Match.com posted this in honor of Halloween, but everyone benefits from hearing that someone else has worse dates.

Thanks O Former Citymate of mine.


And the Moral of the Story Is…


There’s something to be learned from every date.

One of my dates had a hole in his coat. Not a big deal – he probably just didn’t notice it – but it did make me wonder if I’d put too much effort into primping. A week later the hole was still there. While it’s nice to know that he’s beyond the obsessive mirror-checking stage, it doesn’t make a gal feel very important. Note to self: always be well turned out, no matter how jaded you are.

Sometimes it’s the opposite. Like thinking, “Wow, he’s a real gentleman. Why am I not nearly so much a lady?” Heck, it wouldn’t kill me to be a drop more courteous, would it? Excellent manners are never out of place.

With a little more dating, I might just become properly civilized.

Of course, there are some dates where the lesson is a bit ambiguous.
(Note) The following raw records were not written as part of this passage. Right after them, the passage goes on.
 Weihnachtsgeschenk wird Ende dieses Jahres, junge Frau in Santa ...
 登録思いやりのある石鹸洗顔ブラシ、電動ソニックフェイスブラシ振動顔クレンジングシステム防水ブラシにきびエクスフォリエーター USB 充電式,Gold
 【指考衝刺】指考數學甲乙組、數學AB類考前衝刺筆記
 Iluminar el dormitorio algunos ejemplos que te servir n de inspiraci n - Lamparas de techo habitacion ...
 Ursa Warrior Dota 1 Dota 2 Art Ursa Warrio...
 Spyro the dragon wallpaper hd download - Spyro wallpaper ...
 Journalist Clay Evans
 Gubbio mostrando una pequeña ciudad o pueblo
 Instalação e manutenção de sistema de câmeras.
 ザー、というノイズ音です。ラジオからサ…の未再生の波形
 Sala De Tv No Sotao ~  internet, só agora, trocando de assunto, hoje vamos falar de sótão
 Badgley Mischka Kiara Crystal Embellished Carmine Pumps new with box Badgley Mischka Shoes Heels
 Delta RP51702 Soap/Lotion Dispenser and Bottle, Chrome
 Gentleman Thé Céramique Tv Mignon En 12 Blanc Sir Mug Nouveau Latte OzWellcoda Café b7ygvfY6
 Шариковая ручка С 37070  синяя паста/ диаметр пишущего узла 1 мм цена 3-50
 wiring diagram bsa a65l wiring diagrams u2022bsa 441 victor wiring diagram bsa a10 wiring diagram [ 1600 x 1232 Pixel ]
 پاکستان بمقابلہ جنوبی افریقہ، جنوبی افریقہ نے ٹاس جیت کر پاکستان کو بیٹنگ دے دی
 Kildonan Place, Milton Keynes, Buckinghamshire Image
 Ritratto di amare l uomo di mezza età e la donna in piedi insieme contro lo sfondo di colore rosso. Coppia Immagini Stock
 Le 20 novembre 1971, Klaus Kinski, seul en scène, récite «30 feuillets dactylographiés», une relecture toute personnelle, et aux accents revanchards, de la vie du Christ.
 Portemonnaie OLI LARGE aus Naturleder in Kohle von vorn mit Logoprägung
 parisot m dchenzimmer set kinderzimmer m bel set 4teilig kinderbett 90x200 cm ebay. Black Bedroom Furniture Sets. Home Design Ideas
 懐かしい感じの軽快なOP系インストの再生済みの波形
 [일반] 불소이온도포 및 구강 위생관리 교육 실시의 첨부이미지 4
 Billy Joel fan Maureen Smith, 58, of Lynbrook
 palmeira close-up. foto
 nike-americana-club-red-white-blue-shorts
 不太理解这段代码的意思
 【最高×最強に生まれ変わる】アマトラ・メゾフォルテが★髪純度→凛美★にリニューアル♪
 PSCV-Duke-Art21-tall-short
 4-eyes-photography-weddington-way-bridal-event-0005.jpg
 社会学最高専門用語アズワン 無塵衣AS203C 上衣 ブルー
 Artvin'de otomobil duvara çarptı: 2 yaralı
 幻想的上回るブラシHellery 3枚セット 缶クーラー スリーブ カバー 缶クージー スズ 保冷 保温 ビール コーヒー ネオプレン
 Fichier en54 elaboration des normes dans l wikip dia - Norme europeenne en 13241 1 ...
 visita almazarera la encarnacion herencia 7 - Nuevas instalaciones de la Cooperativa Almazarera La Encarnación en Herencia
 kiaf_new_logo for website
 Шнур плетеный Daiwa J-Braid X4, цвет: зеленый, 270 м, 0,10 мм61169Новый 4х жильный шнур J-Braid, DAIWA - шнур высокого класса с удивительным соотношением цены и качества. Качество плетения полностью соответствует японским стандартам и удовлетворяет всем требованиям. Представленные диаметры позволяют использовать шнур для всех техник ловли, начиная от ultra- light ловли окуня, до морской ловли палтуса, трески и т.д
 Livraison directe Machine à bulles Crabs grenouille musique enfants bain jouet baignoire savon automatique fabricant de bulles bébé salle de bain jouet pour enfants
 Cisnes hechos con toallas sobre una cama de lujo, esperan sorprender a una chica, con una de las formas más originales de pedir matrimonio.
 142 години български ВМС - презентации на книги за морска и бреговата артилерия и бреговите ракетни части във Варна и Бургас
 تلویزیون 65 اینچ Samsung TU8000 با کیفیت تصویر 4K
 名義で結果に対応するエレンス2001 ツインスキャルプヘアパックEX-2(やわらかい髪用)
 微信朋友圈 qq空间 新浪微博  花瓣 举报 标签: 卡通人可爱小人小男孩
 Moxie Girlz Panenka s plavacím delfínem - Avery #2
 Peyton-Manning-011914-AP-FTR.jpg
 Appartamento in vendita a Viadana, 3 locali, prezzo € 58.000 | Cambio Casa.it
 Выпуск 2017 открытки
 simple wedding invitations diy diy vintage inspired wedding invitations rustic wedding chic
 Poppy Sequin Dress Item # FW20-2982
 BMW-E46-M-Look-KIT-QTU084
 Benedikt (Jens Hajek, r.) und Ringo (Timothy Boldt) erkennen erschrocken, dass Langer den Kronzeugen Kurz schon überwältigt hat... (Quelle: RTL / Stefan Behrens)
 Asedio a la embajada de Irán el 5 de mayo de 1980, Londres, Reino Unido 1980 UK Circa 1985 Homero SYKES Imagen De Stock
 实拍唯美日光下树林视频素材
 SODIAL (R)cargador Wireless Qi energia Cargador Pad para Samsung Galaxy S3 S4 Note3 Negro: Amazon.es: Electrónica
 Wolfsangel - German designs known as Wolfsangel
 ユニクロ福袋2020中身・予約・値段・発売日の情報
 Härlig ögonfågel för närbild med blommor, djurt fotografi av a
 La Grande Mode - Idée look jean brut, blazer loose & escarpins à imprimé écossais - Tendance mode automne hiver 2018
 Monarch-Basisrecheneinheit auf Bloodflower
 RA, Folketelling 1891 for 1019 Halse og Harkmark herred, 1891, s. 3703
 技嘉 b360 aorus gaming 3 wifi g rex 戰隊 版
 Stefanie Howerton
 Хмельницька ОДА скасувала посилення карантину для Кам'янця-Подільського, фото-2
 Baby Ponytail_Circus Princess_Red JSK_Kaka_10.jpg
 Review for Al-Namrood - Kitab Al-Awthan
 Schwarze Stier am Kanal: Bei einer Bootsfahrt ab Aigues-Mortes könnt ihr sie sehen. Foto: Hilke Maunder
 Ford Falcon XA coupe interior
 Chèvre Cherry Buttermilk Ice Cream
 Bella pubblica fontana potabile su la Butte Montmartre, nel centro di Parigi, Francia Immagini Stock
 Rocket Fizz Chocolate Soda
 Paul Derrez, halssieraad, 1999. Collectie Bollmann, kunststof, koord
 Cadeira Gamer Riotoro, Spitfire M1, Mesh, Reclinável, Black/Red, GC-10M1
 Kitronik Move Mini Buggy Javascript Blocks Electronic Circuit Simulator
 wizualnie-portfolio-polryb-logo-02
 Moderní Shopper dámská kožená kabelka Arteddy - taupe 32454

Like the date where the guy borrowed his friend’s car. The friend was about to close a very serious dating chapter the happy way—with a proposal. Well, the car-borrowing guy opened the door and let his date clamber in, and then strolled around to his end to do the driving. Meanwhile, the nervous girl decided to double check her makeup or hair in the visor mirror. She flipped it down, and down tumbled an artistic sign that read, “Will you marry me?”

The only moral I can come up with is, “Always double check that he means you before you say ‘yes.’”

PS: she married him, but only after many more dates.

Then there’s the friend whose date took her to a hotel with a too-noisy lounge. They found a quiet table in the hall, where he proceeded to raconteur non-stop. She tried to get a few questions in edgewise (“where do you daven, when do you learn”) but he dismissed them all as nonessential and continued with his fun stories. (She did get a handful of answers: apparently he davened occasionally when his friend came over.) Then suddenly the lights went out. A minute later, they came back on, but her date was gone. At this point, I would have jumped up and shouted “Mr. Black&White in the lounge with the candlestick!” but she just flipped open her cell phone and said, “Ma, can you come get me?”

“Where are you?” asked her mother.

“I don’t know.”

And then it was too late; her date appeared around the corner and said he’d gone “to find out what happened.” She was not impressed.

The moral of the story is, “always know where your date is taking you—you might have to find your way back.” Or maybe it’s “Don’t disappear in a blackout without telling your date where you’re going—or that you’re going at all.”

PS: She didn’t marry him.

Course, in shidduchim, you can learn from more than just the dates. Take the guy who returned from a frustrating session with an “I know better than you” shadchan. Went to sleep in a foul mood and woke up the next morning to find that he’d ground off a tooth cap. Moral of the story: shadchanim are bad for your teeth.